Required action:
For this exercise, reproduce only the lines from the one holding "Modern living room" through the final line of the data below, exactly, and omit pictures.

Data:
···

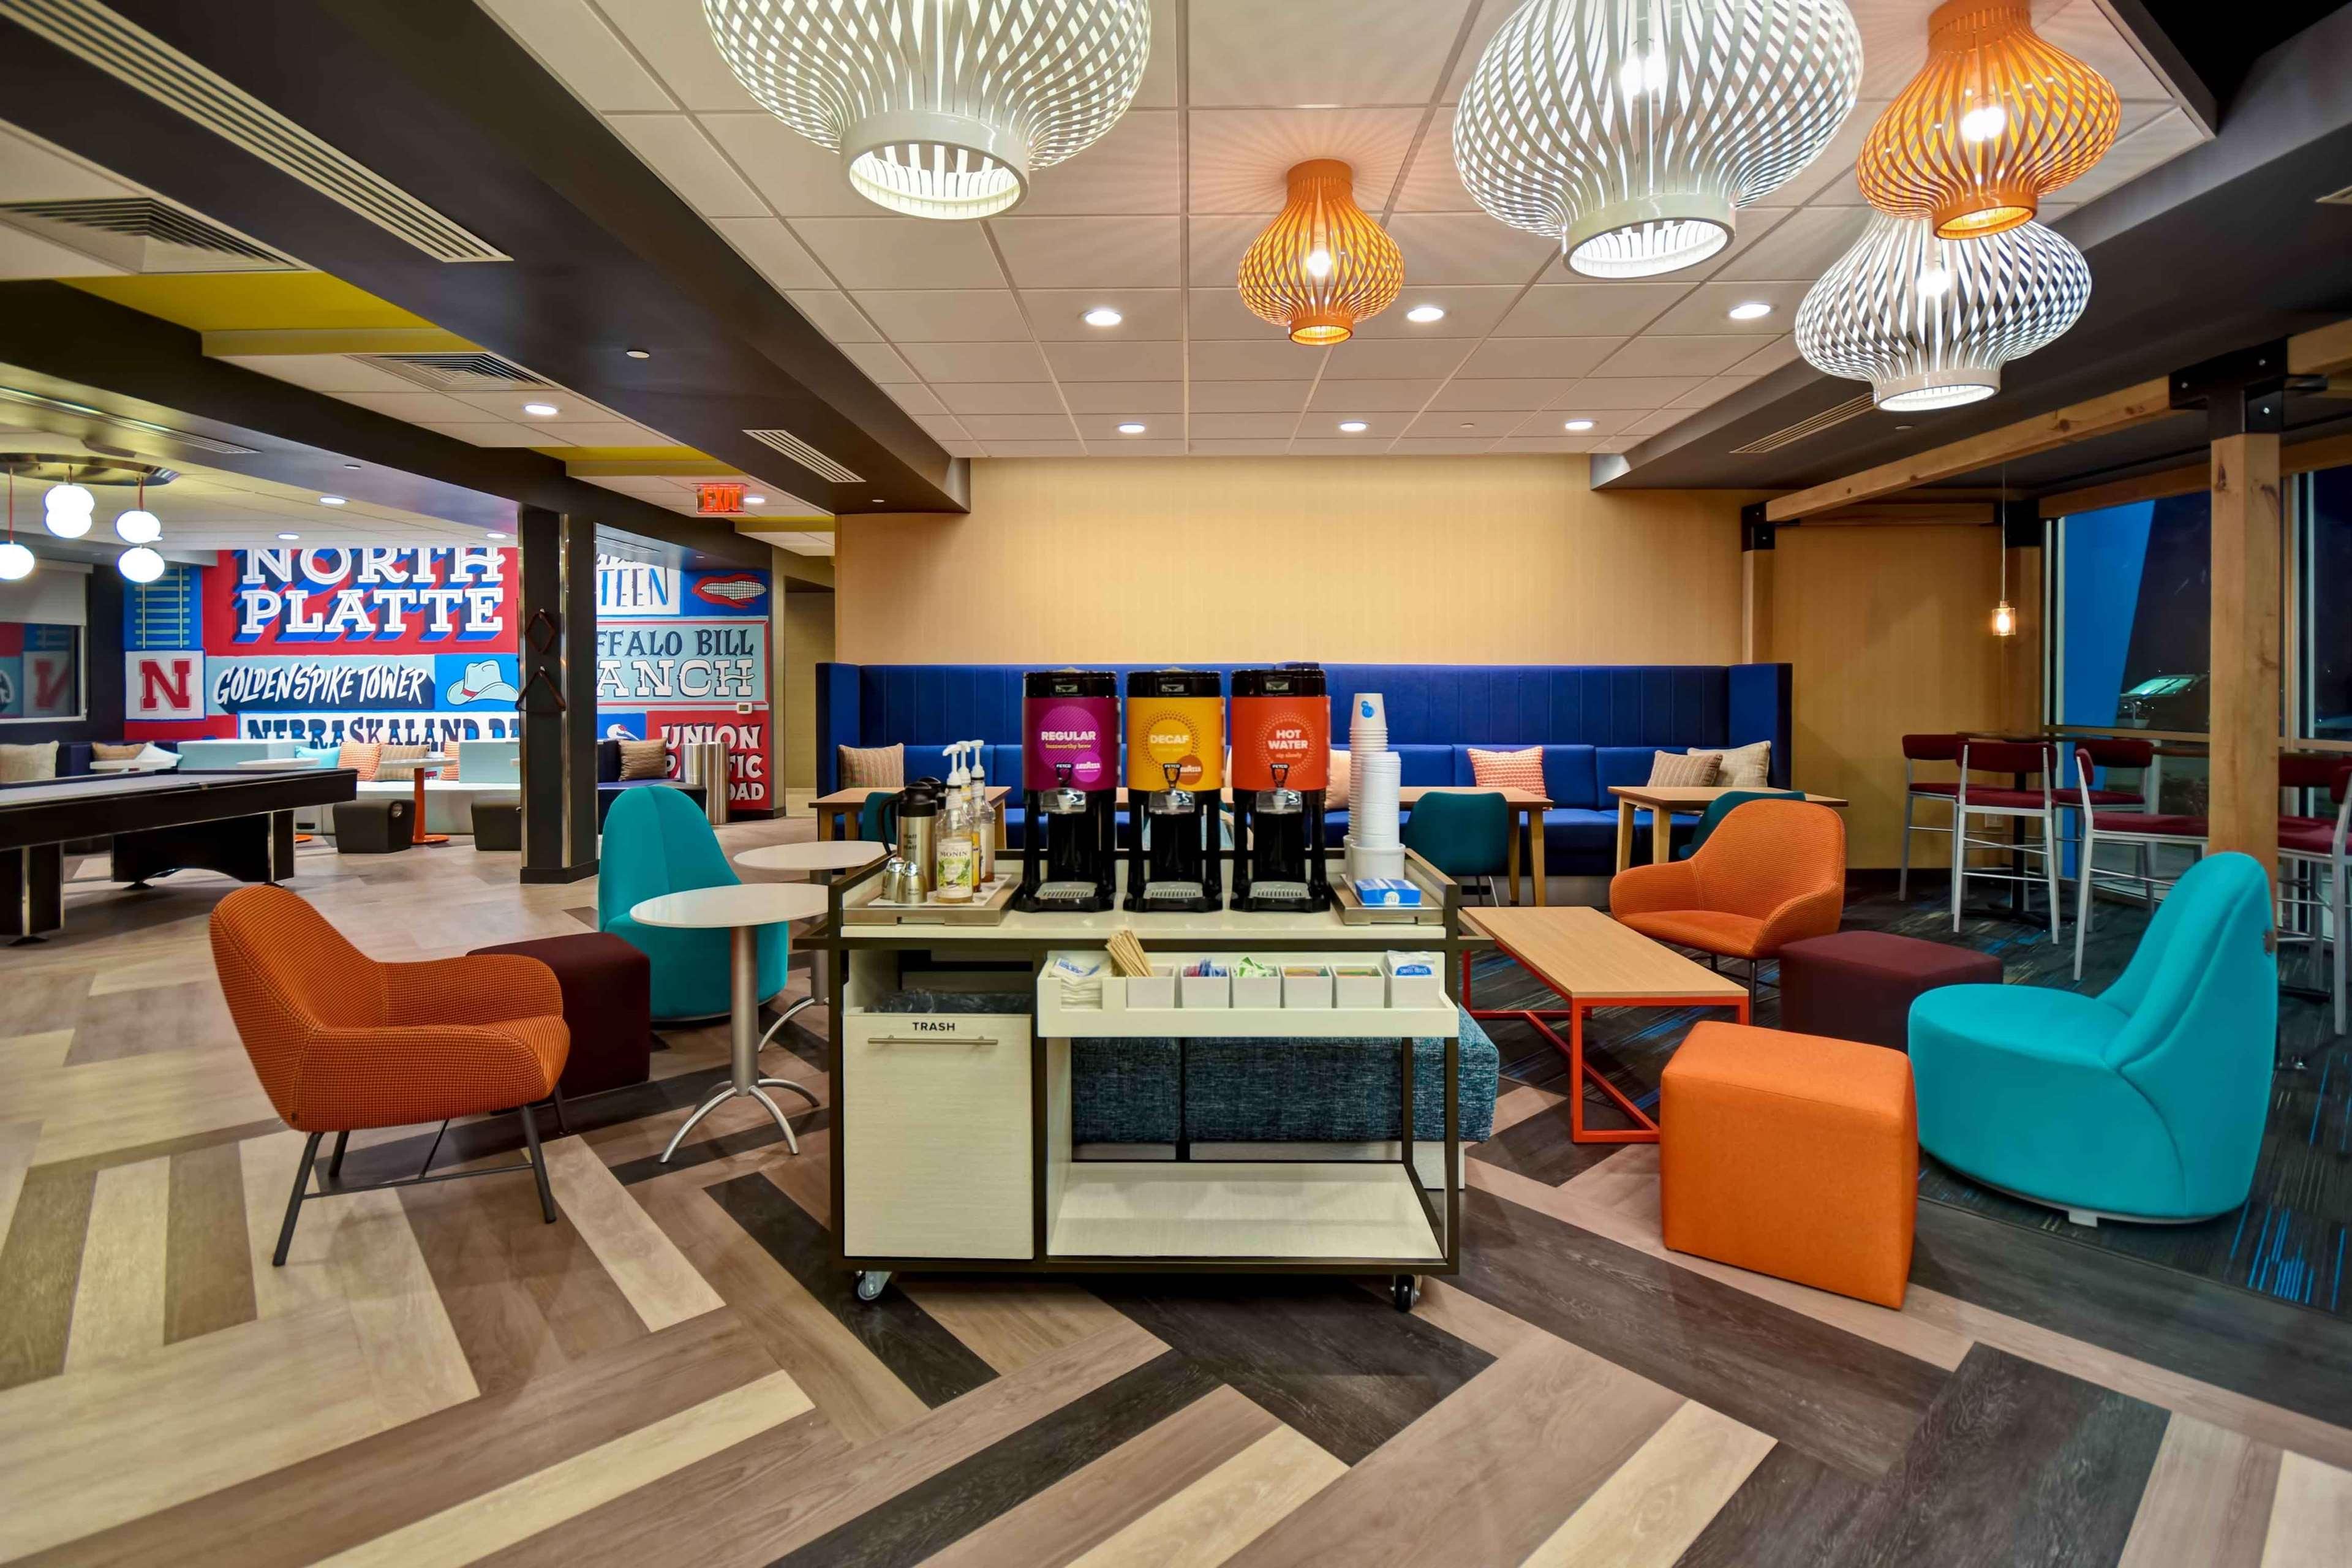 Tru by Hilton North Platte image 13
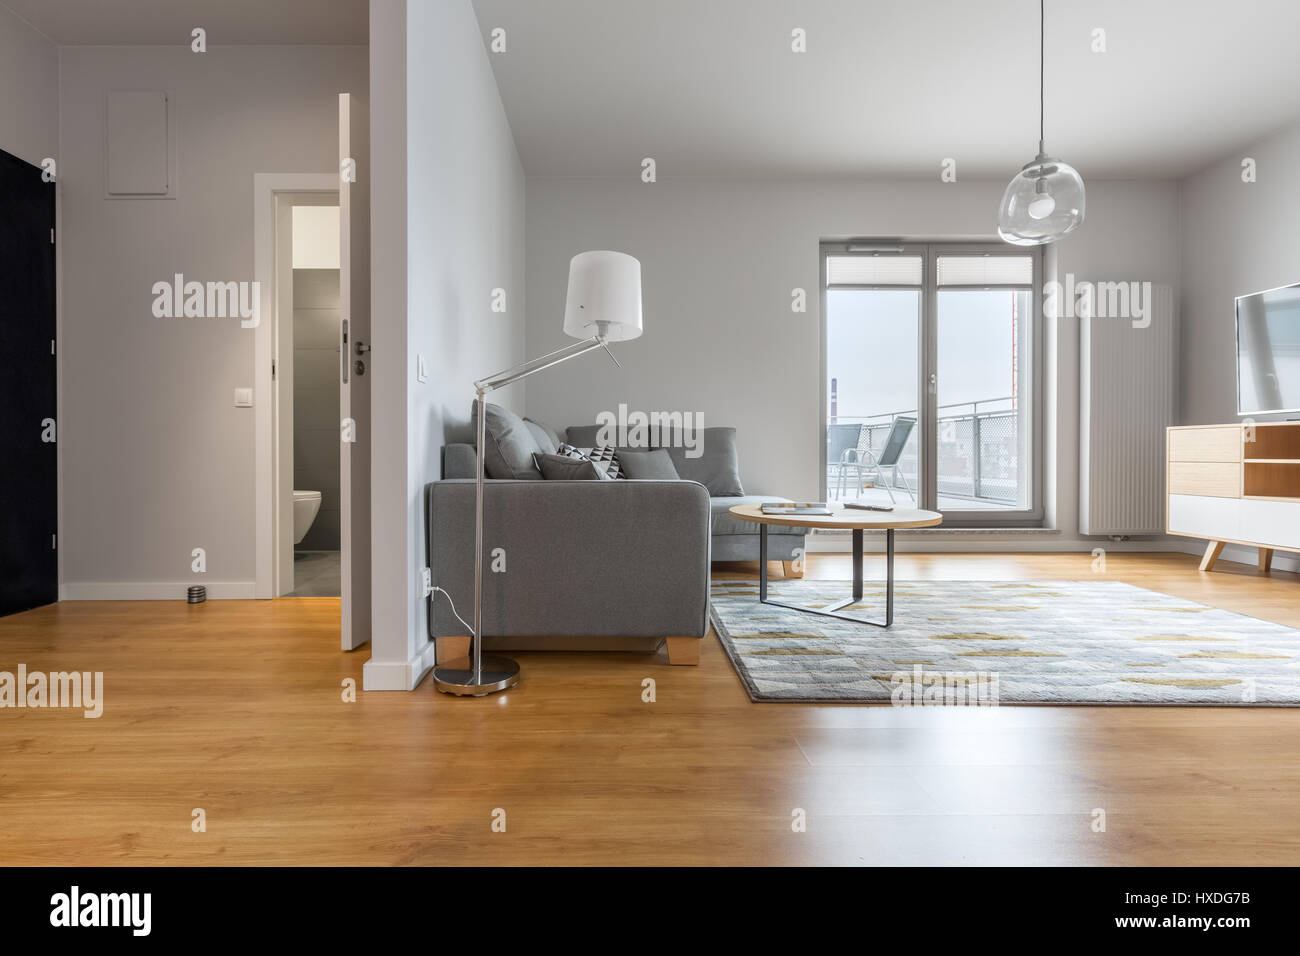 Modern living room with big hallway and bathroom doors open - Stock Image
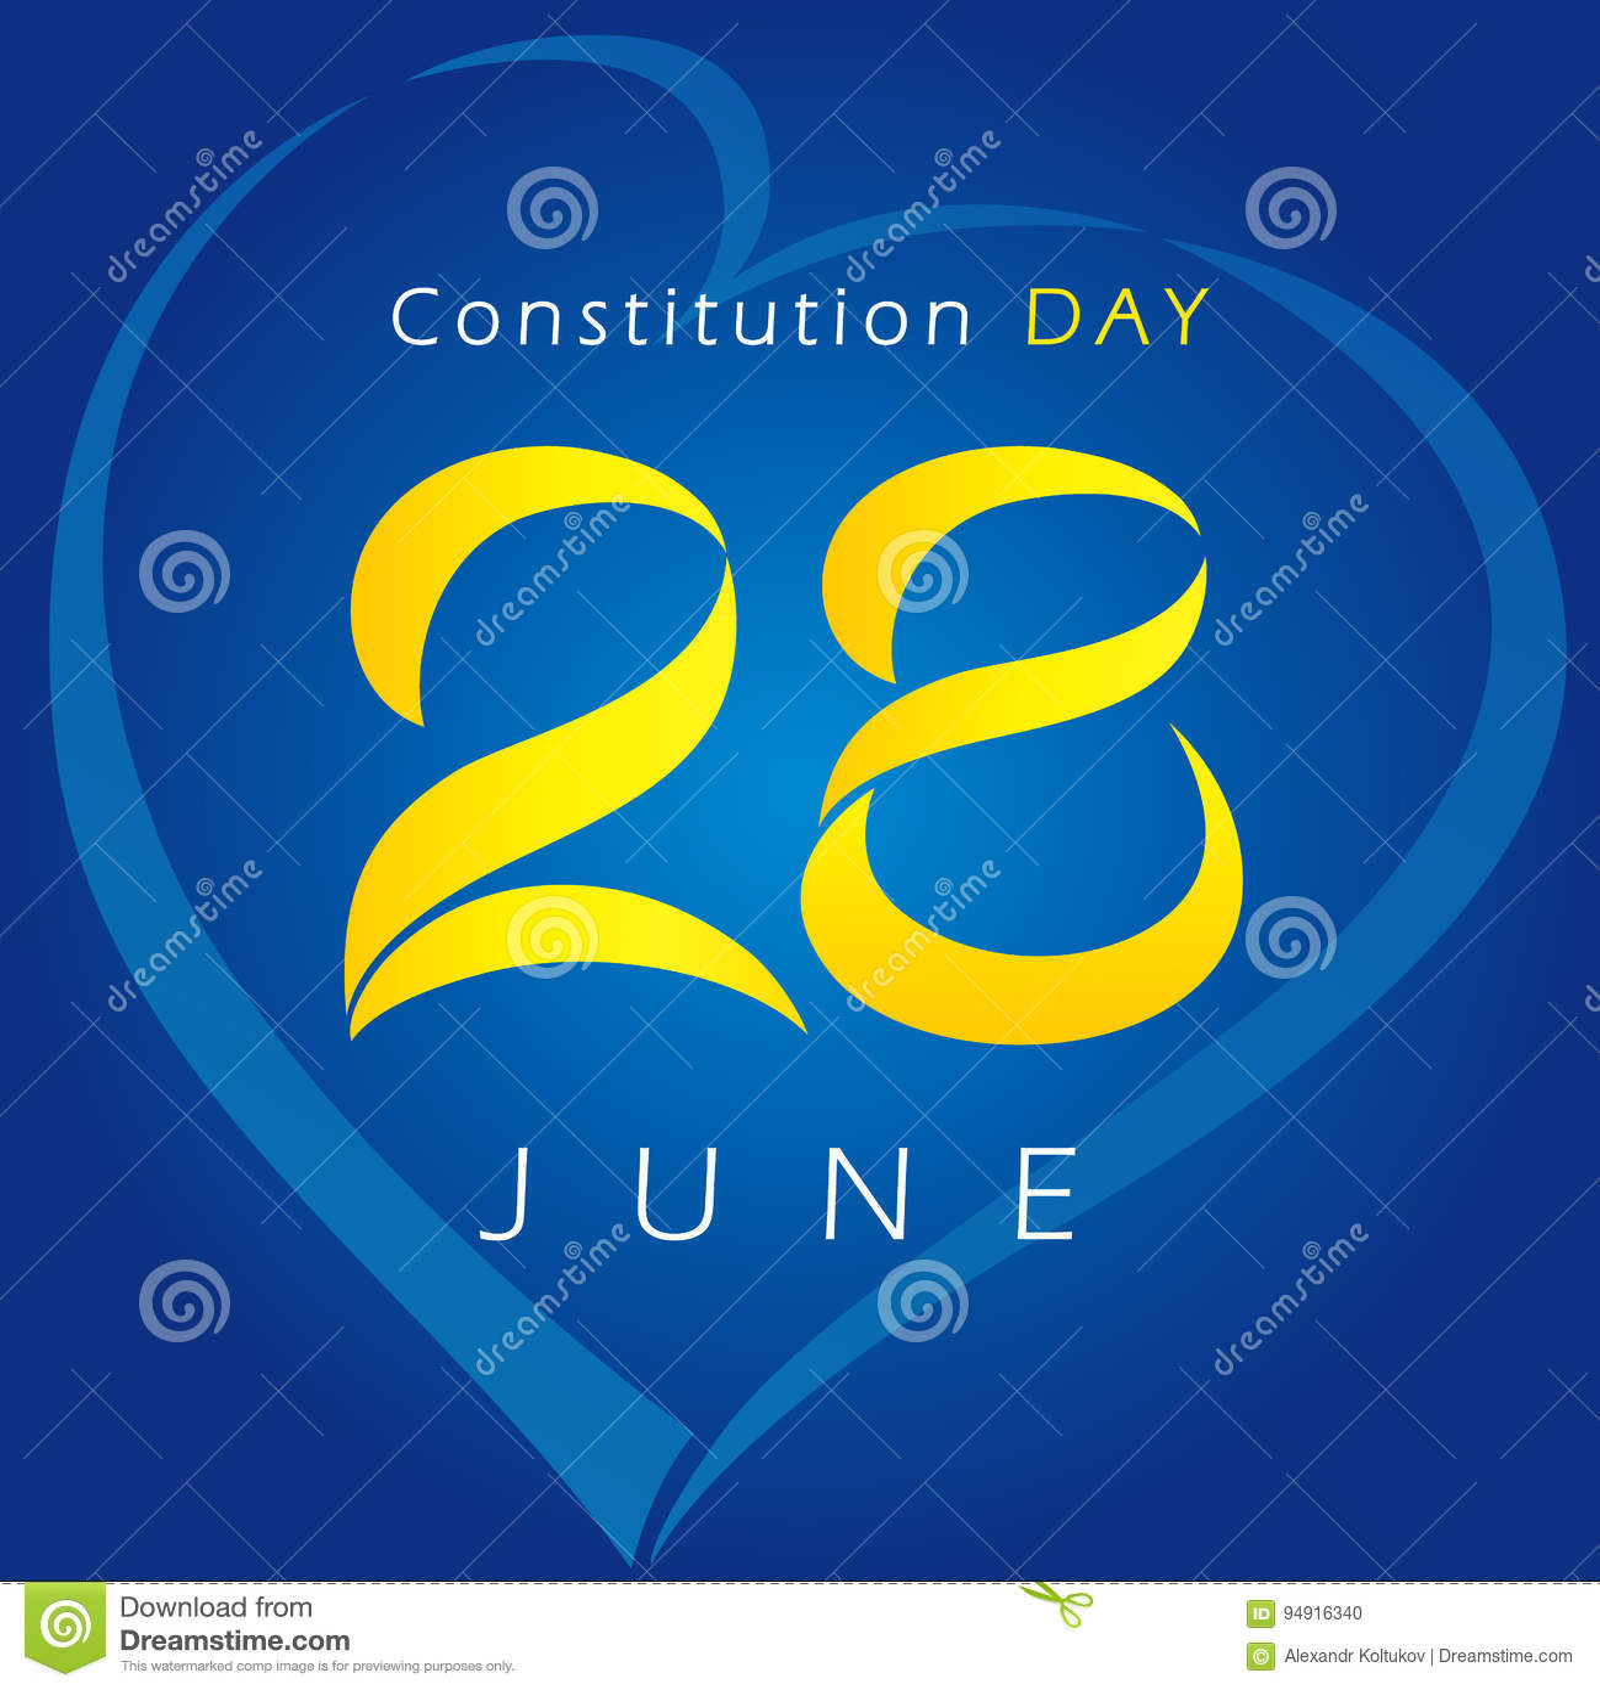 Ukrainian Constitution Day Vector Greetings Stock Vector

···

Result of the exercise:
 Modern living room with big hallway and bathroom doors open - Stock Image
 Ukrainian Constitution Day Vector Greetings Stock Vector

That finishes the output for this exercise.